In the early days of automobile production, everything was “local” and “simple.” The raw materials required for the car, such as steel or rubber may have come from other destinations, but the actual processing of those materials, and the eventual assembly were all done in the same plant.
Now, we live in a much more globalized industry. A car that is ultimately sold to a customer in New York or Chicago is no longer built strictly in Detroit. Materials used in assembly can come from all corners of the world. And one vehicle may have components made by suppliers in Mexico, Canada, or even China, which are then shipped to the United States, where the vehicle will ultimately be built.
And it’s extremely unusual for a modern car to have an all-steel chassis, body panels, or other components. These pieces could be composed of alloys, plastics, composites or other materials. With all the different pieces coming together to build one vehicle, it seems like it would be difficult for an automaker to ensure consistency across all makes and models.
In fact, it isn’t easy.
Take a closer look at some of the vehicles you see in the showroom or at an auto show. You may notice that the finish on the bumper doesn’t quite match the color, texture, or gloss of the finish on the door or the side-view mirror. Because these parts may be made of different materials and/or in different environments, they require careful attention to deliver a consistent finish across the entire vehicle.

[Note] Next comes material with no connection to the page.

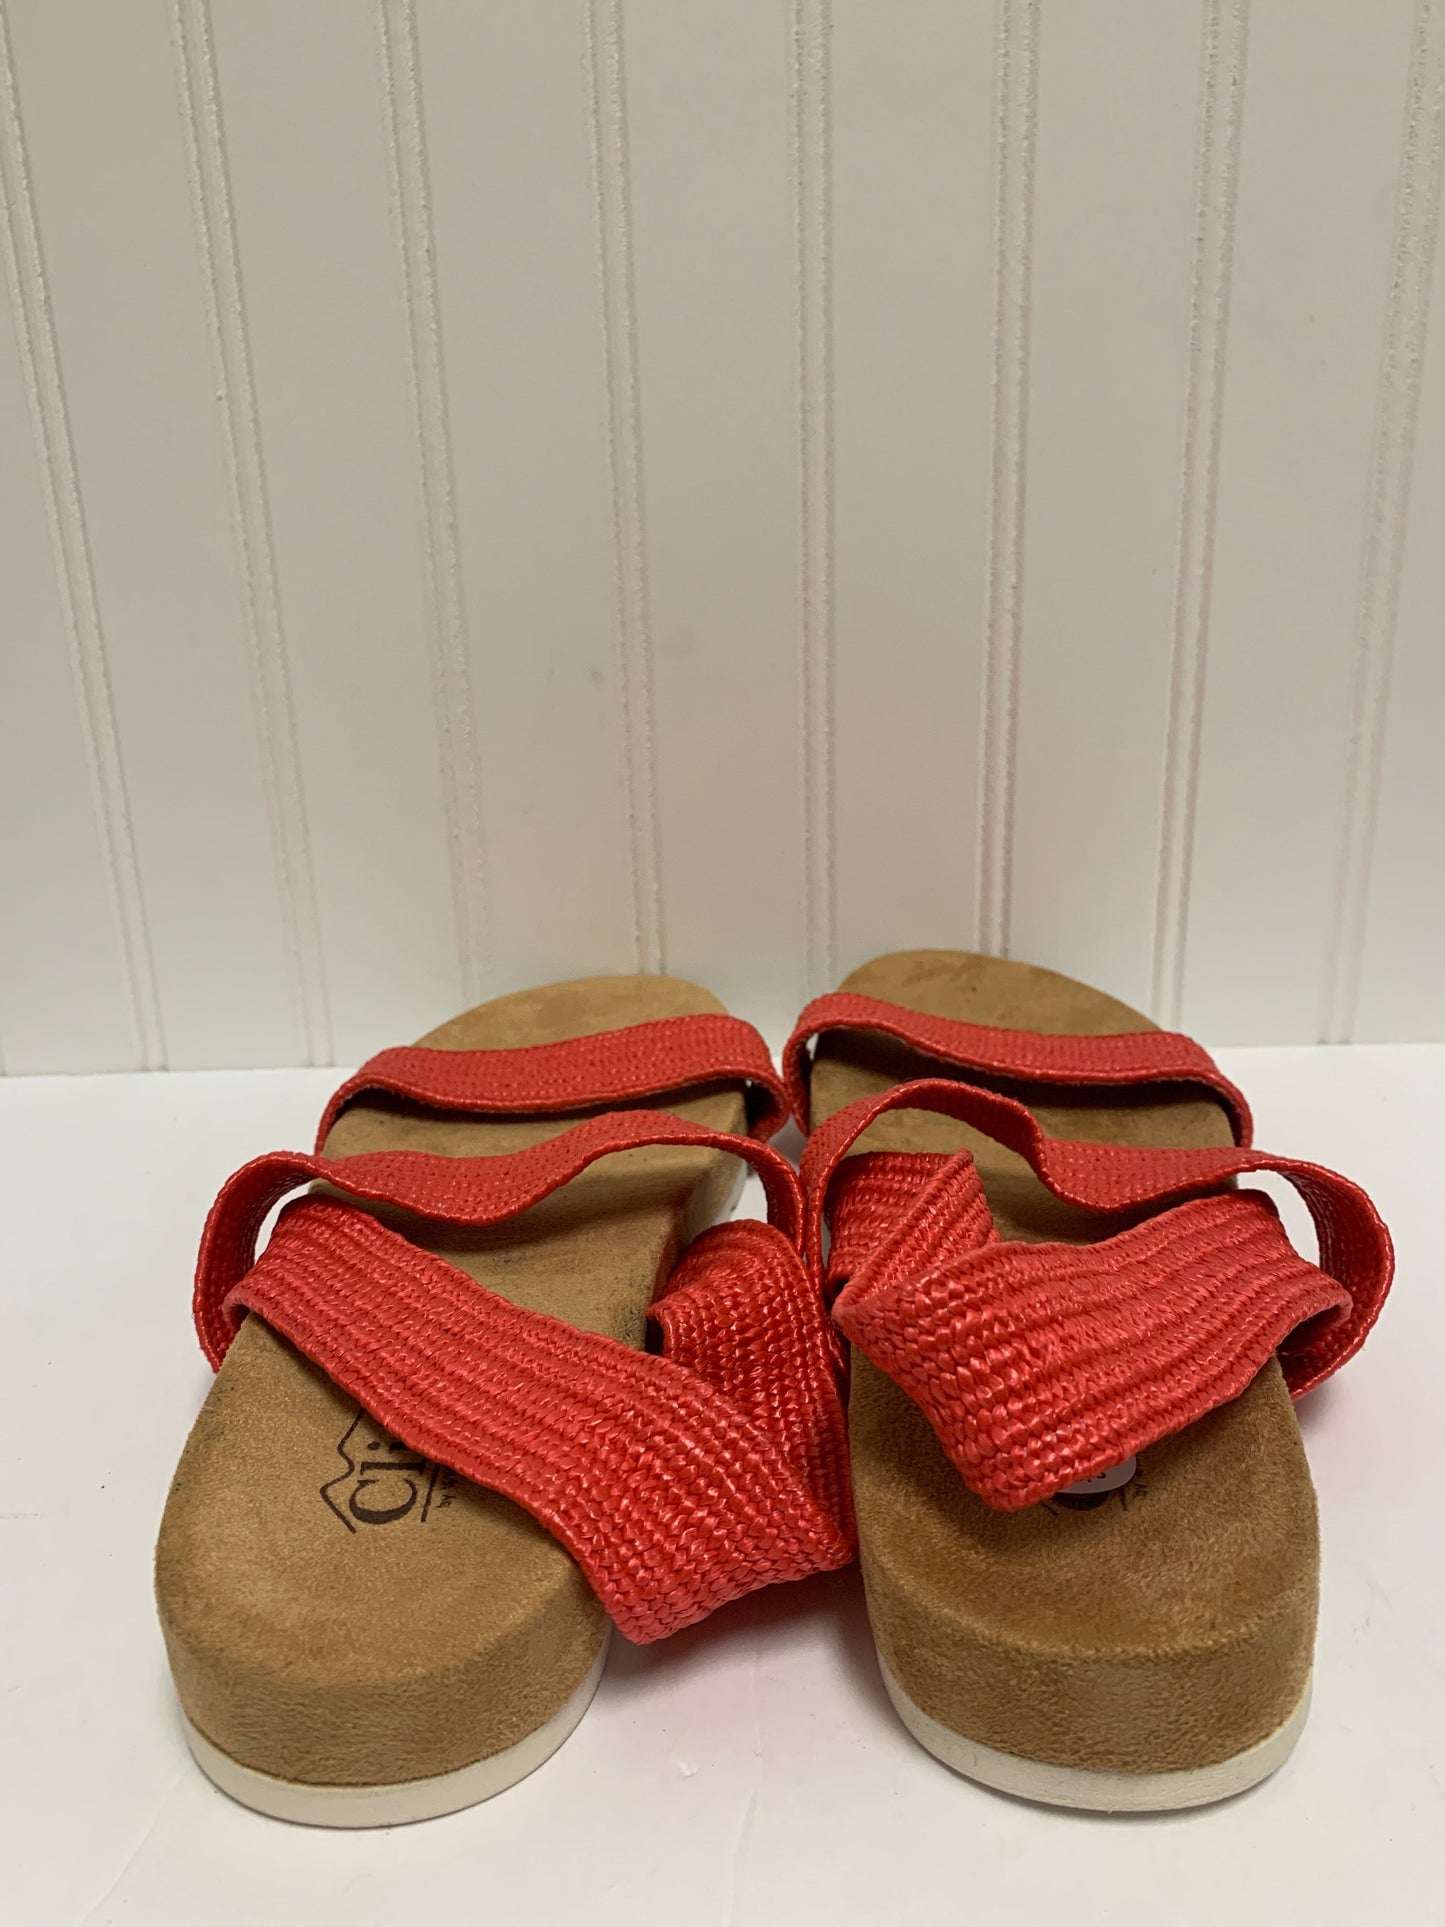 Sandals Flats By White Mountain  Size: 9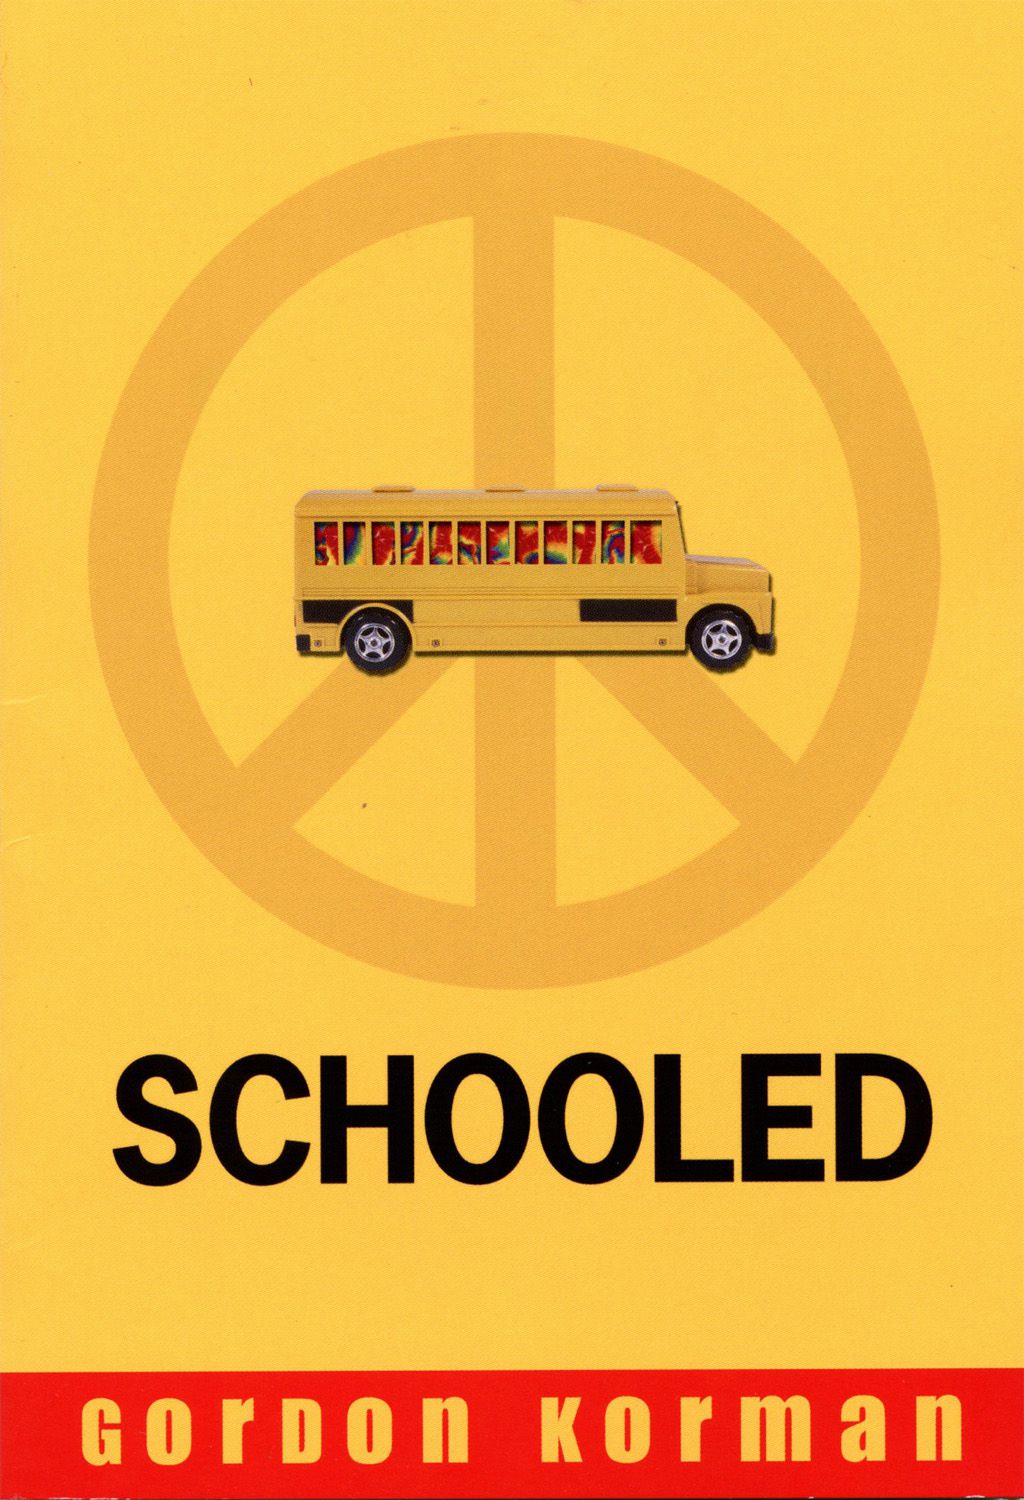 cover of the book Schooled shows a school bus superimposed over a peace sign

Today’s cars use diverse materials to deliver better performance and a competitive advantage. Steel is still an important component of any car, but it may sit comfortably alongside aluminum panels, plastic bumpers or fascias, composite or even carbon fiber exterior parts.
Each of these materials provides different advantages in terms of durability, flexibility, shock absorption and many other factors. But each of these materials also react differently to different substances, and that includes paint. Older paint technologies had trouble maintaining a uniform shade or color across an automobile that was comprised of steel and aluminum. It became even more problematic with plastic and composite materials.
These days, many of these material issues can be resolved through meticulous process control, which allows the paint, when applied, to perform more consistently, and more reliably, producing a uniform look regardless of what substrate it is put on. One of these critical process variables is temperature.
The other issue with working on a global industrial level is that different parts of a car may be coming from different parts of the world. Each factory resides in a different region and may have to develop its own methods of construction or proportions of materials used due to variations in climate and ambient temperature. In another of our articles, Daily vs. Seasonal Temperature Changes, we look at how daily changes in ambient temperature can impact the performance of a paint process, as well as the quality of the finished product.
On top of this, different countries themselves may have different requirements for a car that is, ostensibly, supposed to be part of a well-established product line. The Ford Mustang, for example, had numerous variants in the hoods available. These production differences could also require diverse paint formulations and process controls to achieve a uniform look and color for the vehicle.
Modern automobiles are more complex pieces of hardware that are being produced faster and more efficiently than ever before. But without dedicated temperature control solutions, the auto manufacturing and paint process will have trouble delivering the consistency and quality that customers demand.